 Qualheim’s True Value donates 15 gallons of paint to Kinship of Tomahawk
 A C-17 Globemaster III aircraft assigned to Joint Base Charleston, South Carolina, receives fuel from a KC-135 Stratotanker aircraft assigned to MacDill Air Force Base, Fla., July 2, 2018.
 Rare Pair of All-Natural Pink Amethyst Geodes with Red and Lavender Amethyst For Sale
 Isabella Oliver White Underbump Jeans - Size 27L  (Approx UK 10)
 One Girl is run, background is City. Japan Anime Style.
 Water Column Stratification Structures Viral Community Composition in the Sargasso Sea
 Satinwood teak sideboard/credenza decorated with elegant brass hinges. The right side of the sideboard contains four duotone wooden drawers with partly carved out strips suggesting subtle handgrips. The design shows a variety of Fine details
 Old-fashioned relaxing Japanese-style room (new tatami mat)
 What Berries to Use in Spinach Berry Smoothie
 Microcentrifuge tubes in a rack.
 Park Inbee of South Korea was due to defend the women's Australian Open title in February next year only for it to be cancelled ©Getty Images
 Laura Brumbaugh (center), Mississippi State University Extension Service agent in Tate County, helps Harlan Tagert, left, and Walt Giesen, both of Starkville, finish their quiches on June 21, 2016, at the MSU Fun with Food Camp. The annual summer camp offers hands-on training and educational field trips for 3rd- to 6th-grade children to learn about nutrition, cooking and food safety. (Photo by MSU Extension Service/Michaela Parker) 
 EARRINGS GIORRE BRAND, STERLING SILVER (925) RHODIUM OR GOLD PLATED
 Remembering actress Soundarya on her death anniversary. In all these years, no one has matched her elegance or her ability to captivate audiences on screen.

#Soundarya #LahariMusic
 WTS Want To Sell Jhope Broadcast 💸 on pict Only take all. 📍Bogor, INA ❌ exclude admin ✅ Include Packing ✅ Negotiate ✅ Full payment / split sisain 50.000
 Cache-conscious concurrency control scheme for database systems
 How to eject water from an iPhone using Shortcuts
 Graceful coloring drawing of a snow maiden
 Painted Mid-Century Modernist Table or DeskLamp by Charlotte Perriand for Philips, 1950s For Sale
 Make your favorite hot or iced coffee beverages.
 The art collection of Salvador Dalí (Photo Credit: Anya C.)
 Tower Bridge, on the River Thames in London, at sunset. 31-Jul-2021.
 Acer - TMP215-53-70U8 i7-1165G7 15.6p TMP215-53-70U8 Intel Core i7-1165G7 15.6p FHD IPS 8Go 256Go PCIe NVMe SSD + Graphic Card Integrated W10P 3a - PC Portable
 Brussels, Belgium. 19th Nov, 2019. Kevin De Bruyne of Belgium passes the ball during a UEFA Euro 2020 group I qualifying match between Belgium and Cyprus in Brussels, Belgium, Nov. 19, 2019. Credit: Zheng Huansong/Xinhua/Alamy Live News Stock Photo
§ §
● Assigned task: Go back to the listing above. Copy word for word the lines from the one with "Water Column Stratification" through the one with "Park Inbee of", and nothing more.

● Solution:
 Water Column Stratification Structures Viral Community Composition in the Sargasso Sea
 Satinwood teak sideboard/credenza decorated with elegant brass hinges. The right side of the sideboard contains four duotone wooden drawers with partly carved out strips suggesting subtle handgrips. The design shows a variety of Fine details
 Old-fashioned relaxing Japanese-style room (new tatami mat)
 What Berries to Use in Spinach Berry Smoothie
 Microcentrifuge tubes in a rack.
 Park Inbee of South Korea was due to defend the women's Australian Open title in February next year only for it to be cancelled ©Getty Images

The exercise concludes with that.